Task statement => What is needed is an exact copy of the data below, pictures excluded.

Information shown =>
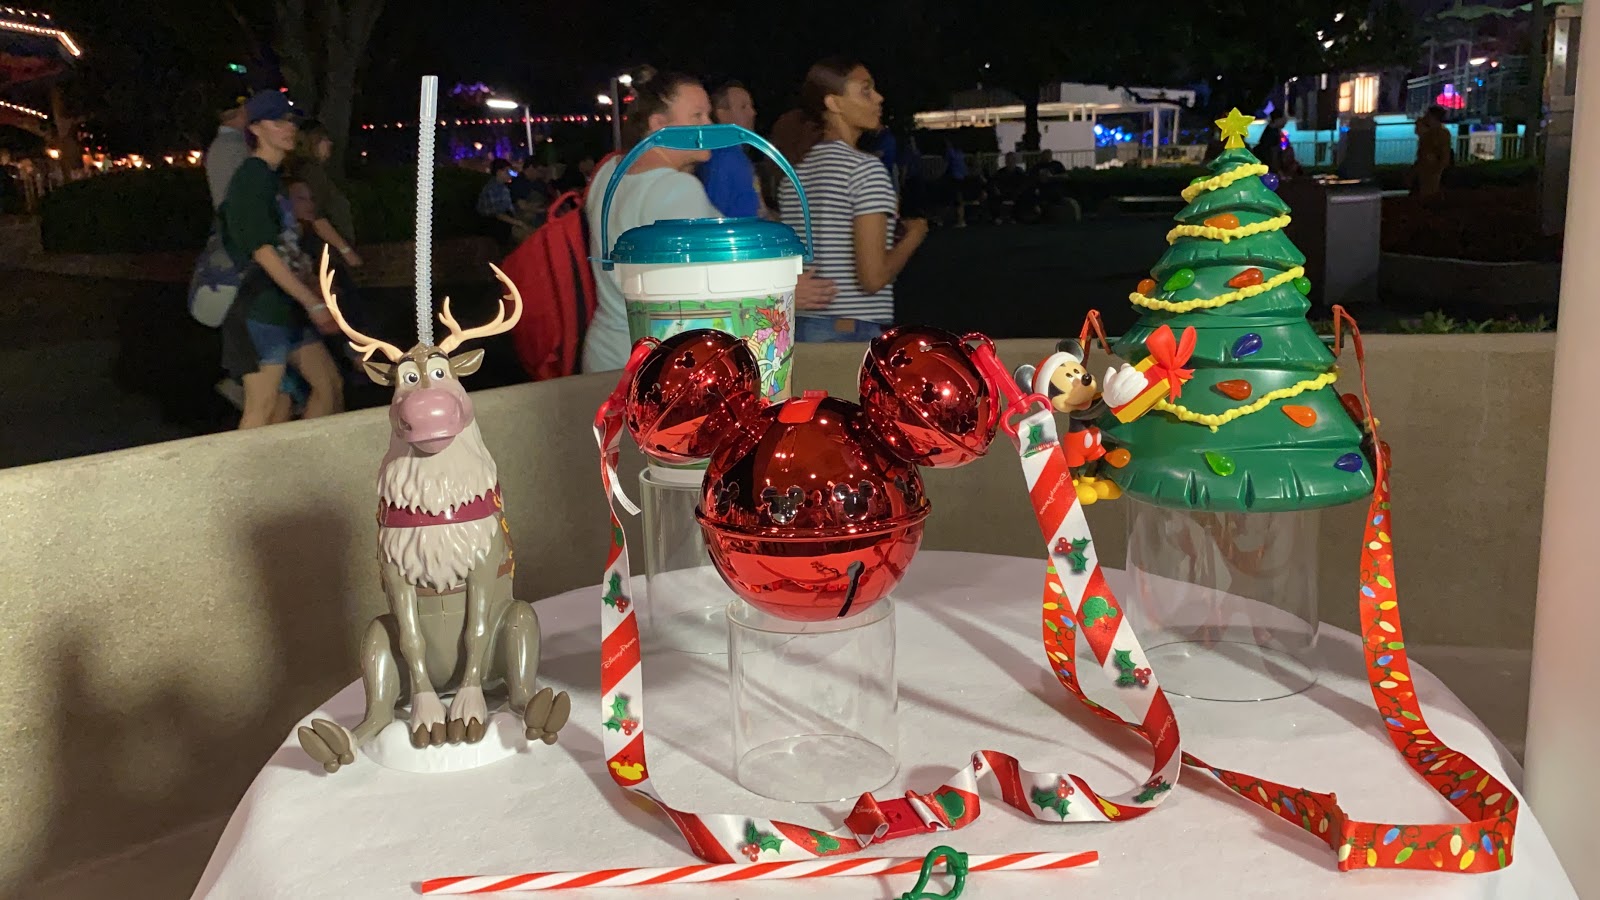 Recapping a 2019 Mickey’s Very Merry Christmas Party at Magic Kingdom - www.bagsaleusa.com
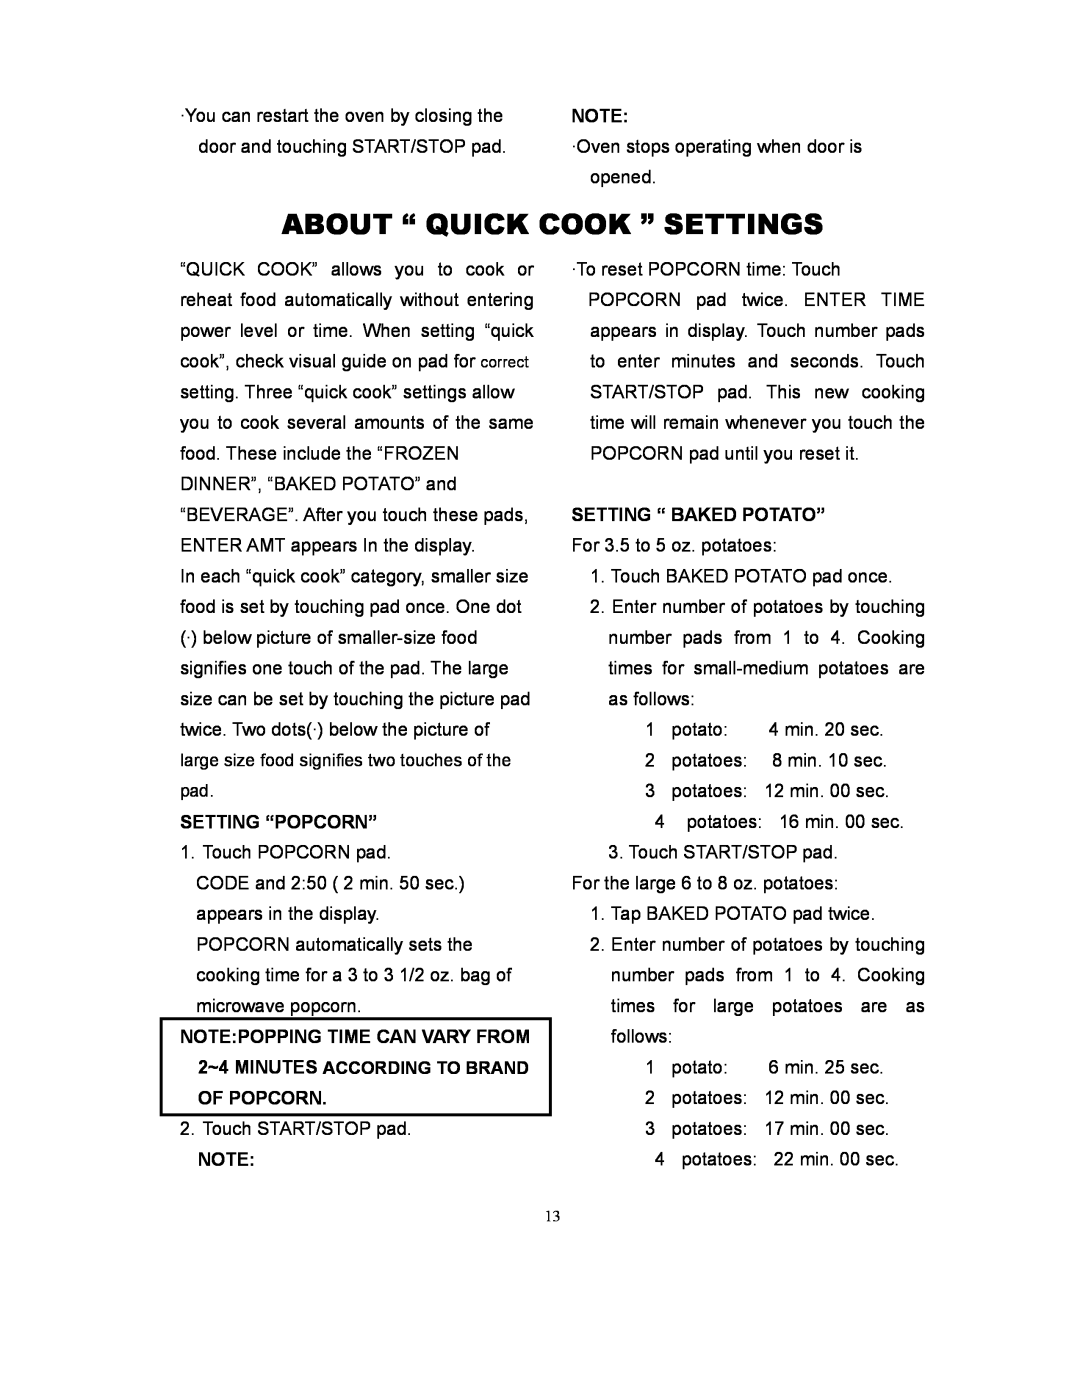 Magic Chef MCD775W owner manual About “ Quick Cook ” Settings, Setting “Popcorn”, Setting “ Baked Potato” 
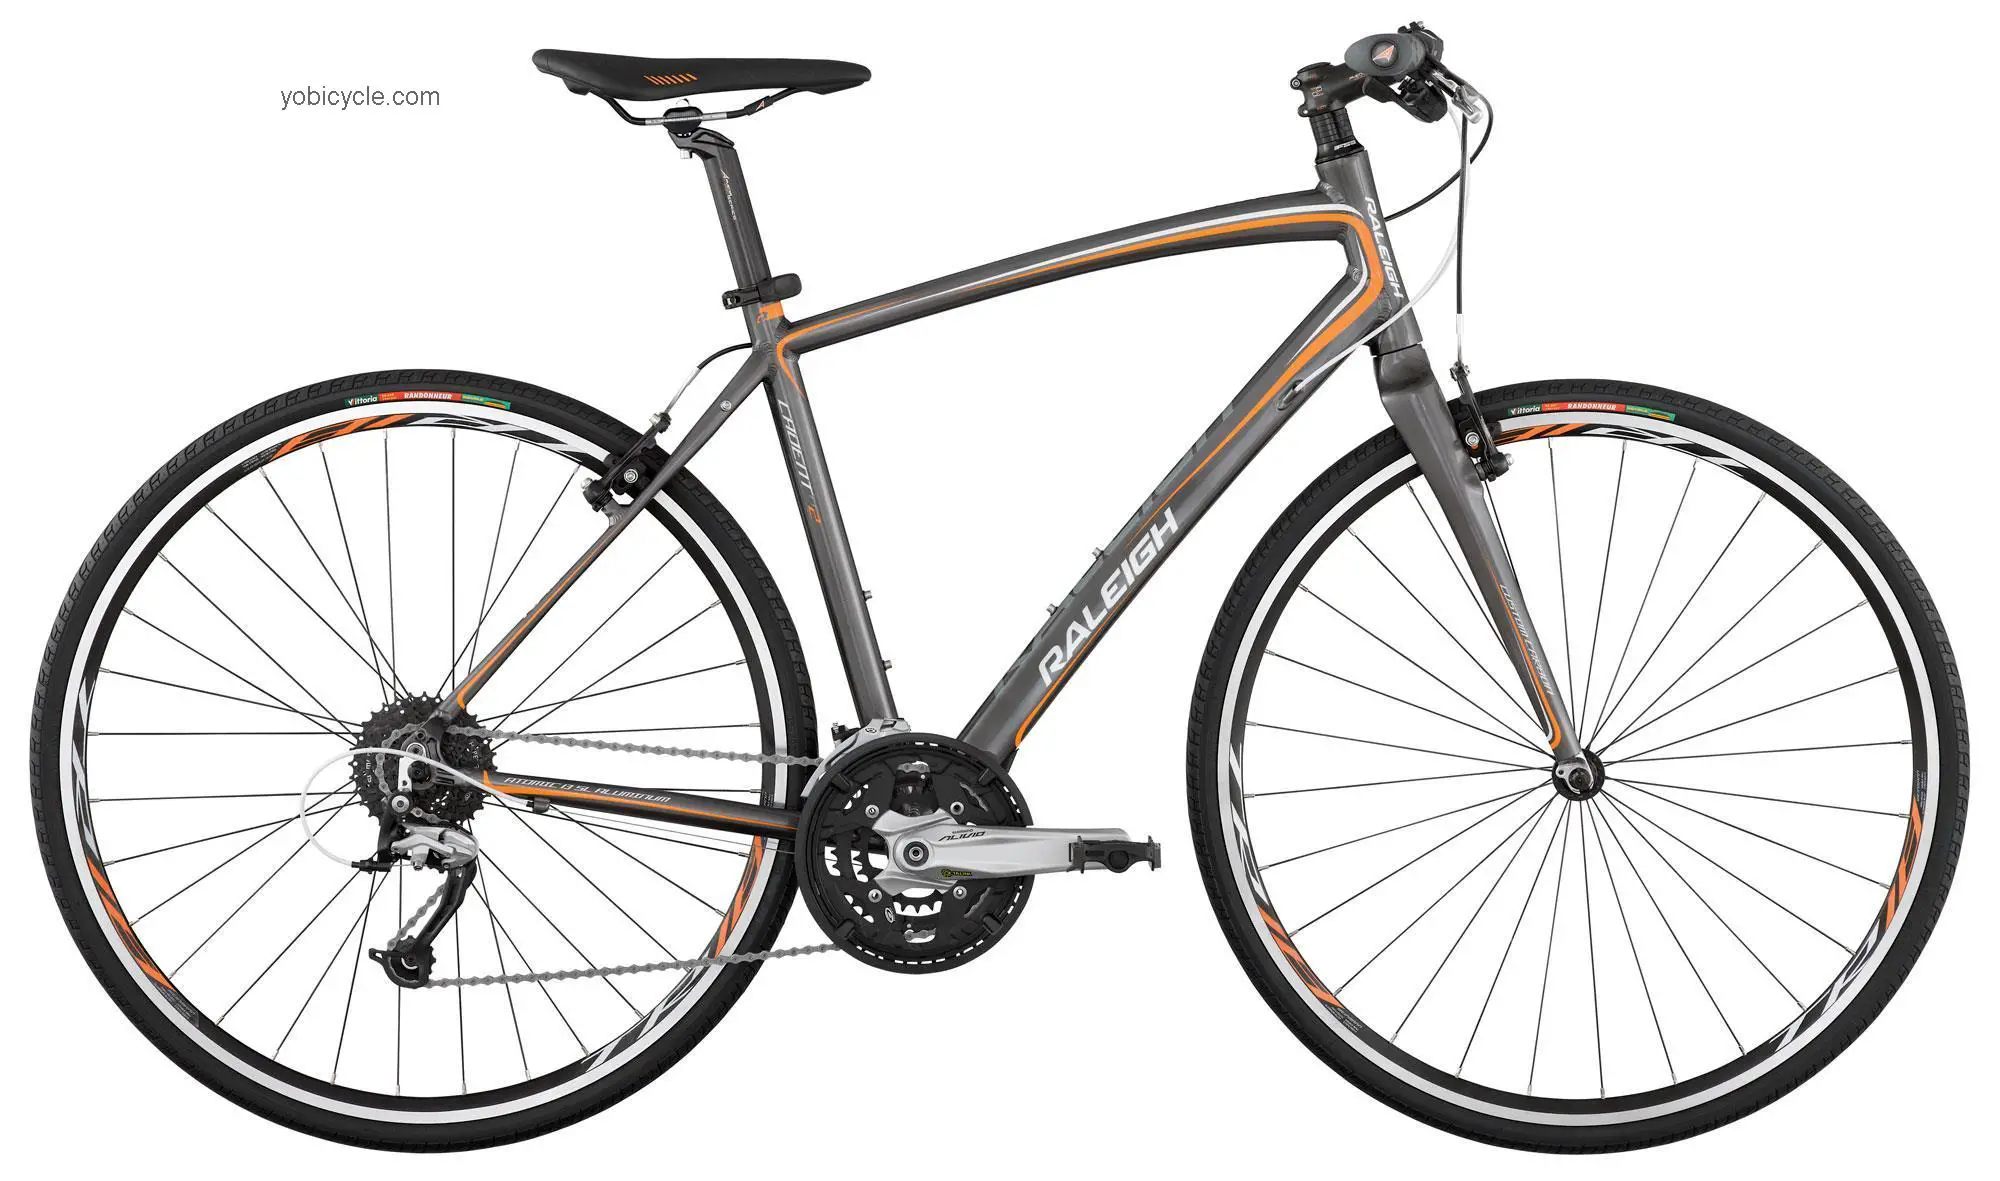 Raleigh Cadent FT2 2012 comparison online with competitors

Worked solution =>
 Recapping a 2019 Mickey’s Very Merry Christmas Party at Magic Kingdom - www.bagsaleusa.com
 Magic Chef MCD775W owner manual About “ Quick Cook ” Settings, Setting “Popcorn”, Setting “ Baked Potato” 
 Raleigh Cadent FT2 2012 comparison online with competitors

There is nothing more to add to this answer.